Splatter Matters? HOW TO MAKE A DOLL, an Utterly Splatter Free Sexploitation Romp
Previously on Splatter Matters:
I gave up on Splatter Matters. Herschell abandoned splatter for yet more rape and I simply couldn’t abide. After taking a seven month sabbatical to help cleanse my mind of the truly awful ethos of Just For The Hell Of It, I’ve made my triumphant return to the HGL Feast Box Set from Arrow Films and hope to find some redeeming quality in the few films I have left.
Of course, the first film I return to is How To Make A Doll, the poster for which features an excellent tagline, but one that immediately made me leery considering my previous experiences with HGL – “WILL SEXY GIRLS OVERRUN THE COUNTRY?”
In his introduction to the film, Herschell, ever the salesman, uses the ad campaign to trash his own movie, saying “The campaign was, in my opinion, a superior campaign, and once again, for movies of this type, the campaign could be much more significant than what’s on the screen itself.” Dammit if I don’t admire this man’s willingness to admit he was just trying to sell tickets to movies. He then attempts to claim that he only made this movie at the behest of a producer’s wife, and thus used the fake name Sheldon Seymour for his writing credit (which he says are the two names that every projectionist and distributor have, so he just mashed them together). I feel like this is just him trying to excuse himself for making yet another reductive movie about women, but who knows.
How To Make A Doll is a completely splatter-free sex comedy, something I did not expect to see in his filmography, and one that, by his standards, is fairly harmless. It is awash with the gender and sexual politics of its day, and in that way still pretty rough, but ultimately it’s just super goofy and has nothing to say, which in HGL’s case is for the better I think. It’s basically about a college math professor who doesn’t understand a thing about women, and helps his mentor to build a super computer that can create programmable matter from thin air – meaning they can essentially build busty women to be their sex slaves. The computer quite literally makes fart noises while it works, because that’s the level of comedy we’re working with here.
Almost immediately the mentor character decides he wants to become one with the computer and thus be immortal. However, this leaves him without the ability to experience the pleasures of the flesh, so he uses himself (the computer) to magically turn our main character into a Casanova that he can send out to pick up women, have sex with them, and then return to the computer to upload these experiences. Yes, it is really fucking weird that they demonstrate the ability to make women that exclusively want to love them, but then immediately abandon this for a far more complicated route to the exact same end – to have sex. By the way, sex is depicted with cut aways to pencils being inserted into sharpeners, and screws being threaded through nuts. The height of comedy, folks.

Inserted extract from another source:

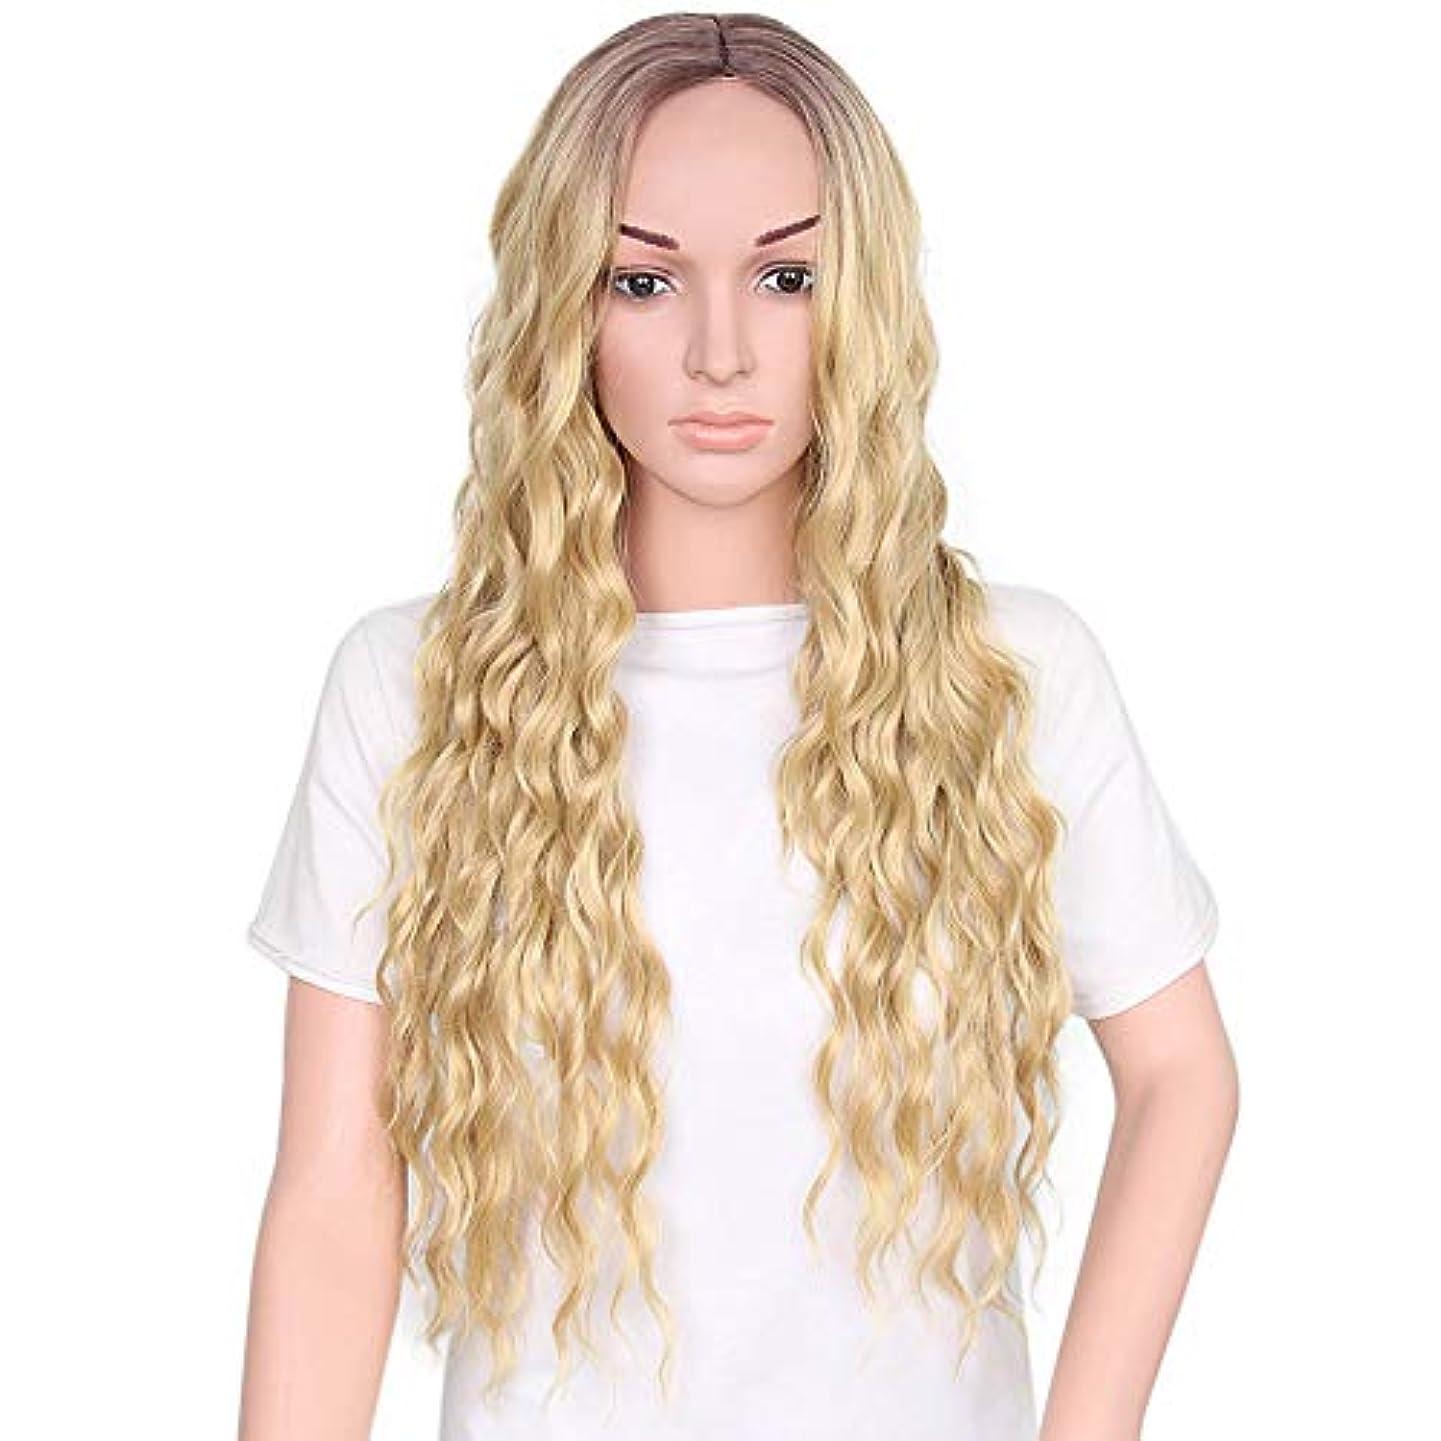 トーン未払い大ウィッグ つけ毛 30インチ人工毛ブロンドの長い巻き毛のかつら女性のための中部コスプレ衣装デイリーパーティーかつら (色 : Blonde, サイズ : 30

Eventually our hero (?) is exhausted by this experience and comes to understand that this isn’t love, proclaiming he wants no further part in “the battle of the sexes” and erases the computer program (which I think kills his mentor, though that’s unclear) and seeks real love with a real woman. He almost immediately meets a woman, a former student who, because she’s wearing glasses, we’re meant to think is the ugliest creature on god’s earth (she’s ridiculously attractive if you’re not picking up my sarcasm) and the last 20 minutes of the movie are a very slow, boring romance.
OK, so that’s the movie. It’s not very good, but it’s not nearly as offensive as most of his other movies. I wanted to get through all of that as quickly as possible so I could talk about the most important thing that has ever come up in this column – the 1956 BMW Isetta 300. One of the world’s first microcars, featuring a 1 cylinder engine and a hefty 13 horsepower, and the protagonist’s main mode of transportation throughout the film. It’s the goofiest fucking thing I’ve ever seen in my life – the only door on this car is the windshield, meaning the steering wheel is built on this crazy crank mechanism that moves it in and out of the way as you utilize the door. It’s by far the smartest, best joke in the movie that this romantically incompetent college professor chooses to drive a tiny, nearly powerless vehicle everywhere he goes. He even takes a woman out to a fancy restaurant in it at one point, and then leaves it with the valet who does a great physical comedy bit of not even understanding how to get inside of it. It’s the best thing in this movie by far and I wish the whole thing were just about this stupid-ass car.
So, now we’re left with the question we began this series left – does Splatter really Matter? I honestly don’t think it would have improved this particular movie, as I imagine that would have tipped it right back into the territory of violence against women that HGL loves so much (which is not to say this movie is completely devoid of that). That said, this movie is kind of a bore, and Splatter is nothing if not exciting. So I’m gonna count this as a point for matters, rather than against it.